Y ¿sabéis que? que eso es SANO, que es necesario que manifiesten sus deseos (lo cual no significa que siempre vayan a poder verse cumplidos). Queremos que sean obedientes y controlables de pequeños y que cuando crezcan sepan hacerse valer, parar los pies a sus jefes o a una pareja que no les respeta. Y lamentablemente eso no es coherente.

Los niños deben poder decidir las cuestiones que tienen que ver con su vida, dentro del rango de edad de cada uno y sin olvidar que nosotros como adultos responsables velaremos por su salud física y emocional y por su integridad, porque hay decisiones que nos competen solo a nosotros, los padres.

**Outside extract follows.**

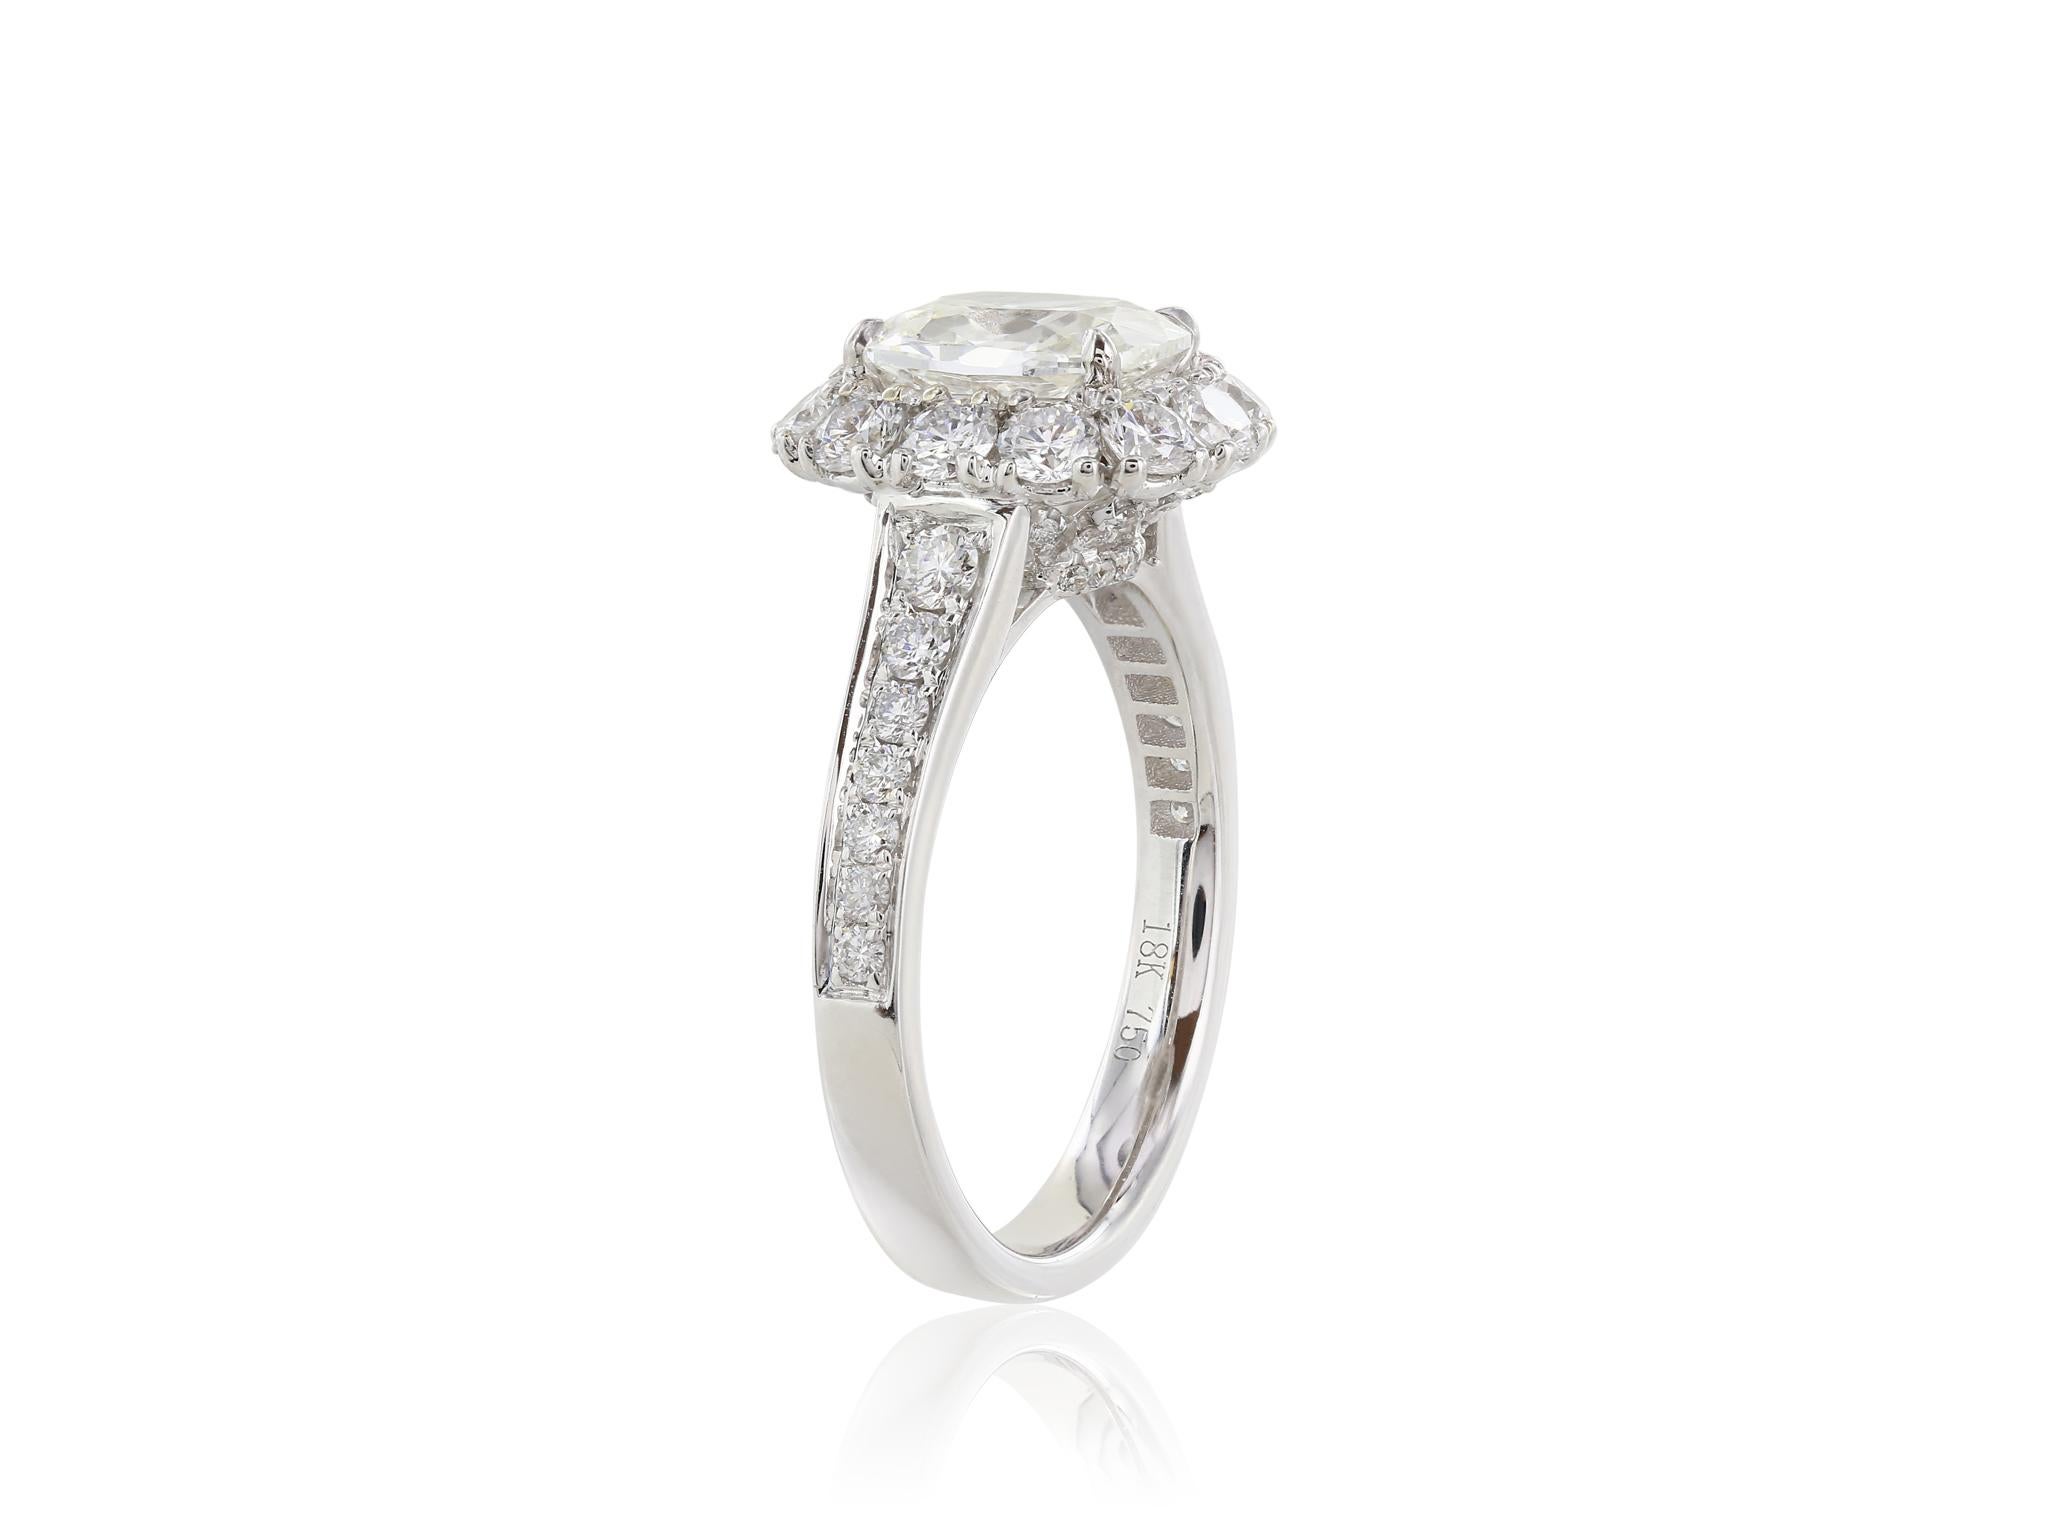 18 karat white gold ring consisting of 1 cushion cut diamond weighing 1.40 carats with a color and clarity of G/VS1 respectively set in a halo setting with round brilliant diamonds weighing 1.14 carats.

Pasamos el día perdiendo tiempo muy valioso en discusiones, en peleas, luchas de pijama, guerras de puré, montañas de deberes pretendiendo hacerles obedecer, en vez de sentarnos a su lado a dialogar y decidir. A preguntarles por qué no quieren hacer eso en aquel momento, cómo se sienten, qué les pasa…

No queremos hijos sumisos y obedientes que se dobleguen al deseo ajeno, sea el de su padre, el de su profesor, el de un compañero de clase. Queremos que nuestros hijos crezcan siendo dueños de su vida desde el momento que nacen, porque tomando pequeñas decisiones se aprende a tomar las más grandes.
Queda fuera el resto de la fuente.